* [What the exercise asks]: Every line of the listing below from the one with "bucolic agriculture farming Stock Photo" up to and including the one with "Custom Made Iron" should be retyped exactly, and nothing else; pictures are not part of the copy.

* [Task inputs]:

• • • •

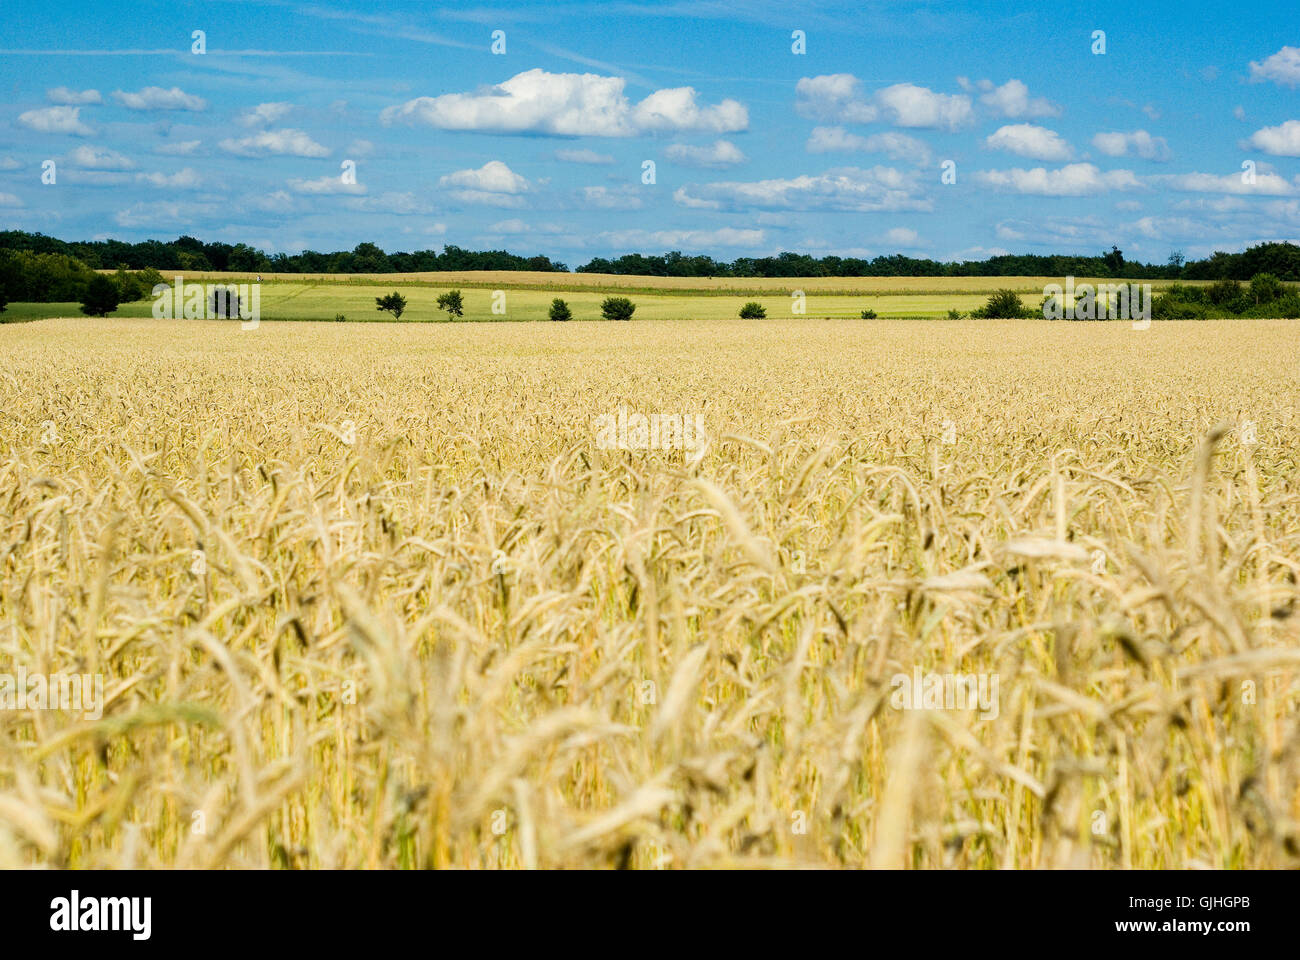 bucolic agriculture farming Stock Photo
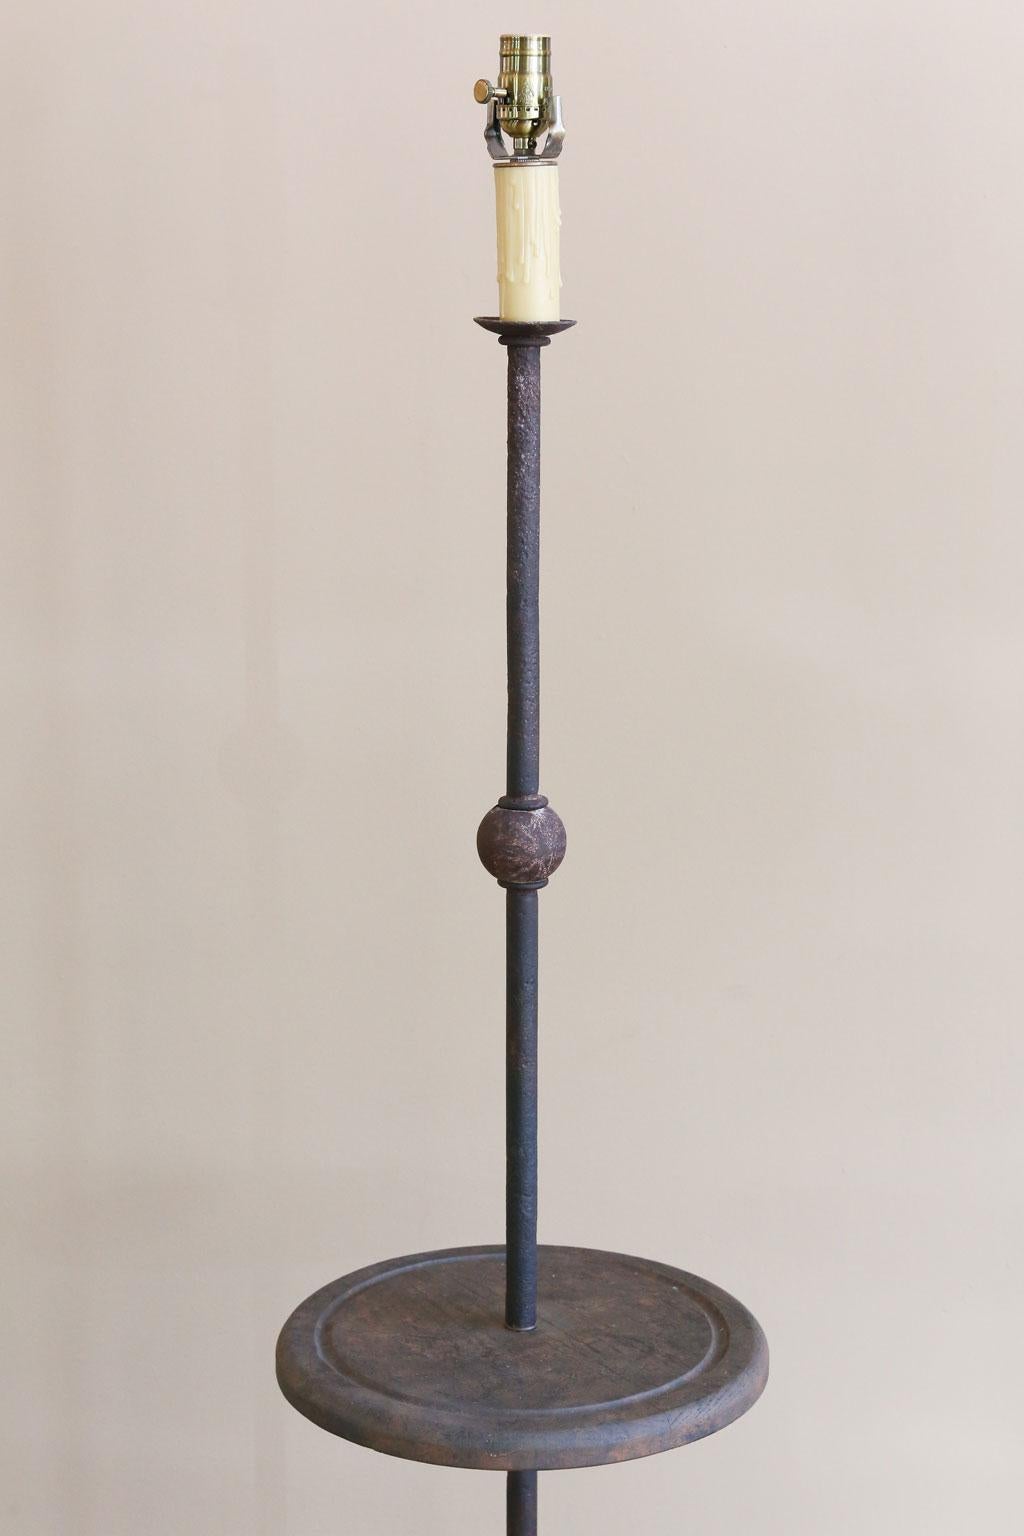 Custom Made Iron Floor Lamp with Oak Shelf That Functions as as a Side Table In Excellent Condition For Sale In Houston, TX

• • • •

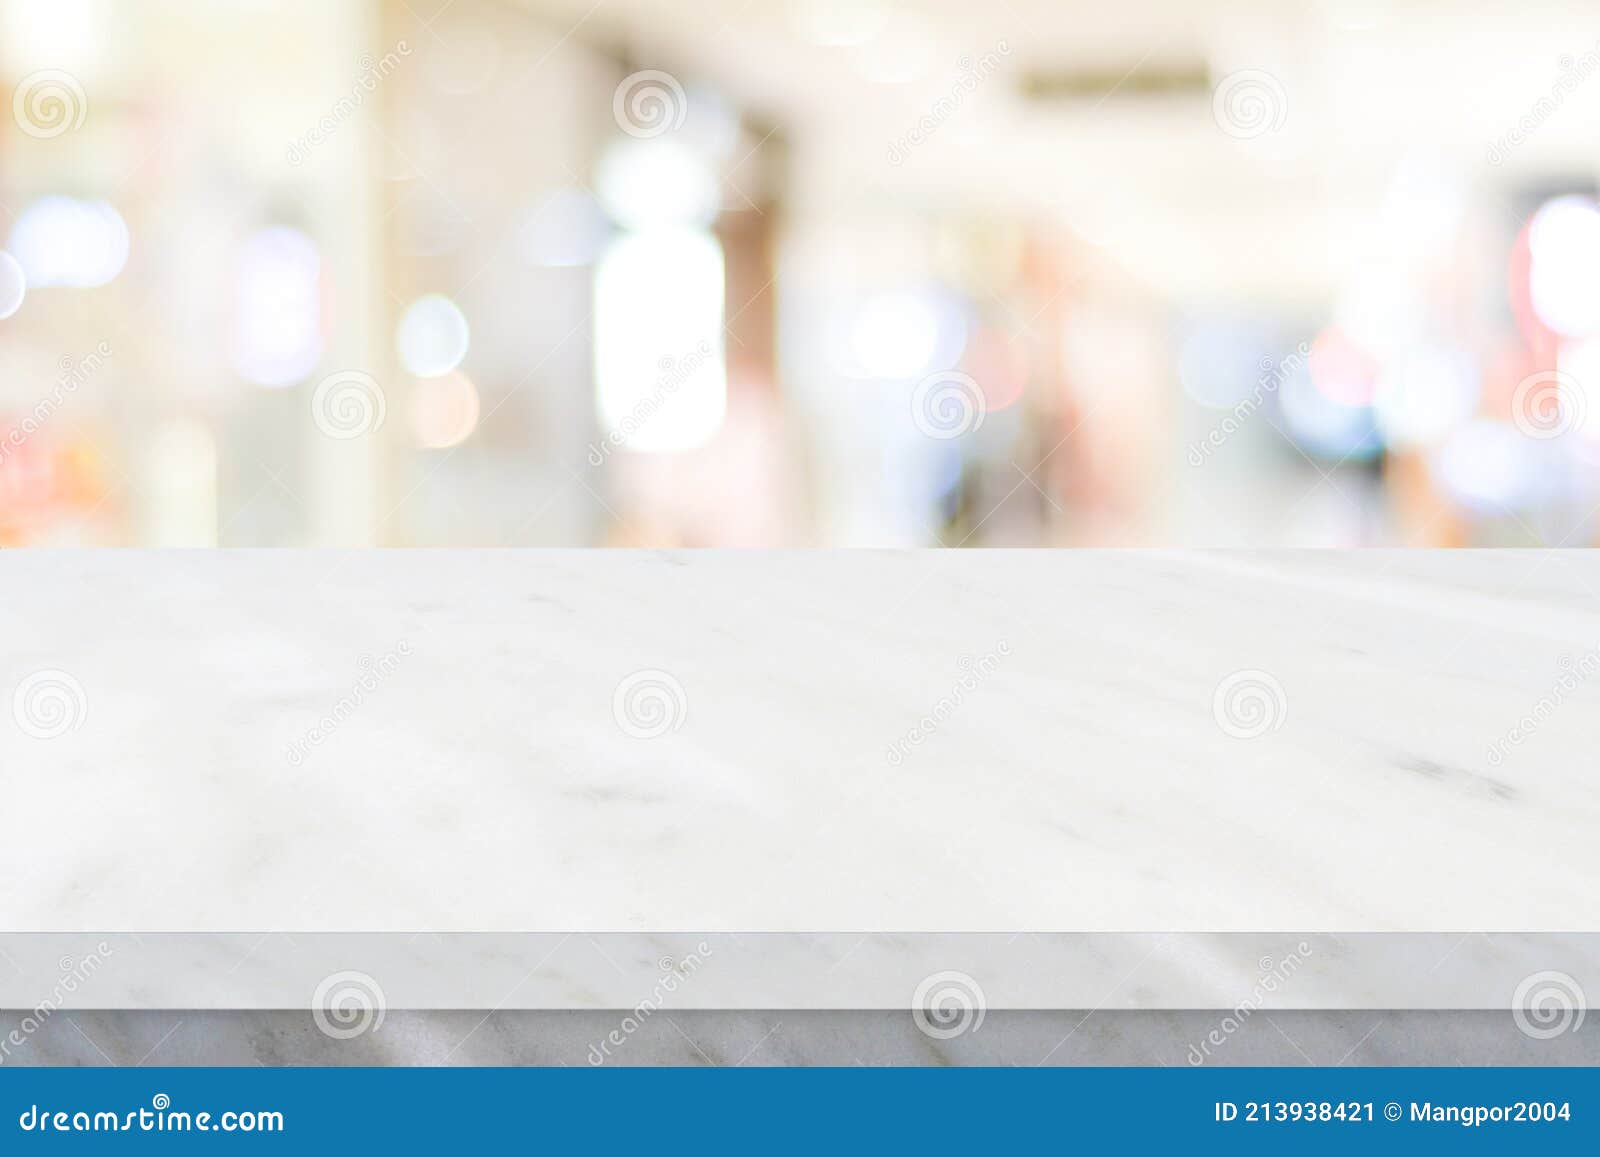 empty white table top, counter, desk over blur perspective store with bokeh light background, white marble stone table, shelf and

• • • •

* [Your solution]:
 bucolic agriculture farming Stock Photo
 Custom Made Iron Floor Lamp with Oak Shelf That Functions as as a Side Table In Excellent Condition For Sale In Houston, TX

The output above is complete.